That remark invokes a scathing riposte from Carine Kanimba, whose father, Paul Rusesabagina, is Rwanda’s best known political prisoner. “Within Rwanda, people are not safe,” she said. “Rwandans in the Congo, where Kagame has troops, are not safe; Rwandans in other African countries are not safe. Even outside of Africa, Rwandans are not safe, and having Boris Johnson say ‘hey, I don’t care’ sets a rally bad precedent.”

There is a dark underside to Rwanda’s post-genocide history, which has been obscured by the horror of what happened over ten weeks in 1994, when Hutu extremists massacred hundreds of thousands of the Tutsi minority. Relieved that the violence has subsided, the developed world has poured aid into the country, and was willing to accept the image Kagame projects as the firm ruler who brought peace to a troubled land. In Rwanda, there are no independent media to tell a different story. President Kagame tolerates no criticism at home, and his opponents abroad have to be constantly aware that his agents might hunt them down.

Rusesabagina is the only Rwandan whose fame matches Kagame's. He is a Hutu, who ran a hotel in Kigali in 1994, where he provided sanctuary for hundreds of Tutsi, whose lives he saved. They included two tiny children, Anaȉse and Carine Kanimba, whose Tutsi parents had been slaughtered, and whom he adopted as his daughters. His story was told in the 2004 film, Hotel Rwanda.

Rusesabagina went into exile early in Kagame’s presidency - he obtained Belgian citizenship - and became a critic of the regime. In August 2020, he was persuaded by a man he trusted, a pastor named Constantin Niyomwungere, to board a private plane bound - he thought - for Burundi. He had been tricked. The plane landed in Kigali, where Rusesabagina was seized and sentenced to 25 years in prison. A prison term that long, imposed on a man who turned 68 in June, has been aptly described by the Belgian MEP, Kathleen van Brempt, as a “de facto death sentence”.

“Constantin Niyomwungere is an agent of the Rwandan government,” Carine Kanimba claims. “He spent two years getting our father’s trust. He was told ‘you have to find a way of getting him to Rwanda’. Our father believed he was going to an exchange between bishops in Burundi.”

“The flight from Dubai to Rwanda cost 120,000 US dollars,” Anaȉse Kanimba added. “Dad was the only one in the plane, apart from the crew, and Niyomwungere.”

Rwanda is one of the poorest countries in Africa, heavily reliant on foreign aid.

No member of Rusesabagina's family can risk being in Rwanda while Kagame is in power, so their only contact with him is a five-minute phone call, once a week, on a Friday. He tries to sound upbeat, but they know that he is struggling with health problems. He used to listen to Radio America, but now he is allowed to hear only the strictly controlled Rwandan media.

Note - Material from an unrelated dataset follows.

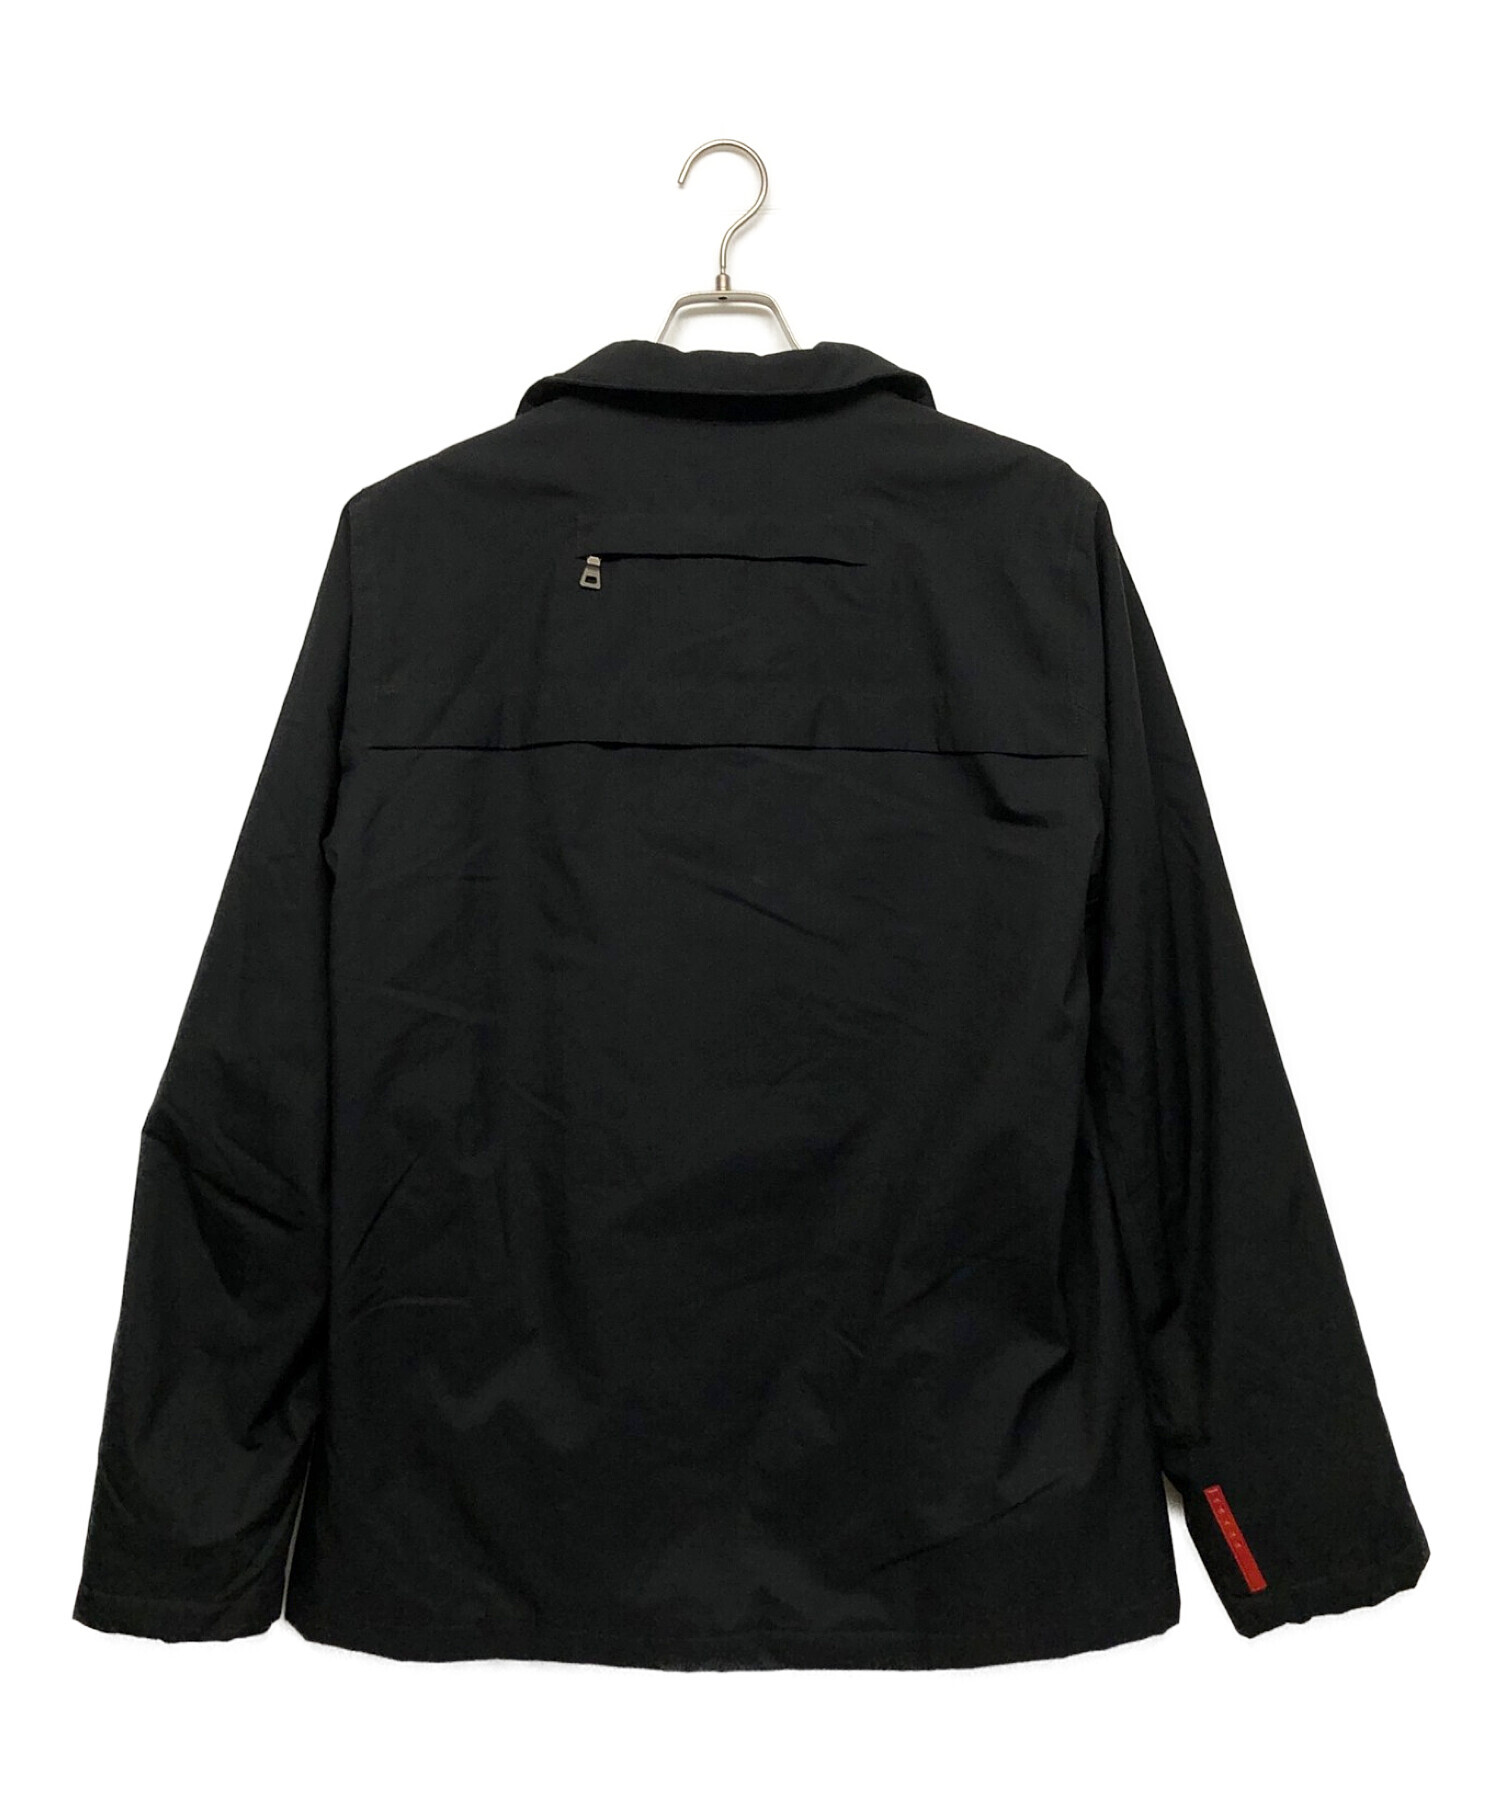 PRADA SPORTS (プラダスポーツ) GORE TEX中綿ジャケット ブラック サイズ:48

And yet, considering what they have been through, the sisters come over as remarkably cheerful. They exude confidence that their family will be reunited, citing the precedent of Nazanin Zaghari-Ratcliffe’s release from an Iranian jail, and international opinion is increasingly on their side. "One of the things we have learnt from [Nazanin’s husband] Richard Ratcliffe is to push any button, then follow on, and follow on," Anaȉse said. "We are certain that Dad will come home."

Their father’s arrest has been condemned by the European Parliament, and by the UN Working Group on Arbitrary Detention. On 19 May, the US State Department declared that Rusesabagina had been “wrongfully detained” – ironically, on the day after the Home Secretary Priti Patel had met Rwanda’s foreign minister in Geneva to finalise arrangements for deporting asylum seekers to Rwanda. On Tuesday, 21 June, the US House of Representatives debated a motion calling for Rusesabagina’s release. But so far, Kagame’s credibility in the eyes of the UK government is apparently intact.

“The US has taken the courageous road,” Carine remarked. “But what we are seeing from the UK is the opposite – the road of cowardice. Boris Johnson has put Kagame on a pedestal.”

“I don’t have any faith in Boris Johnson,” Anaȉse said. “But maybe Prince Charles will have the humanity and leadership to speak to Kagame.”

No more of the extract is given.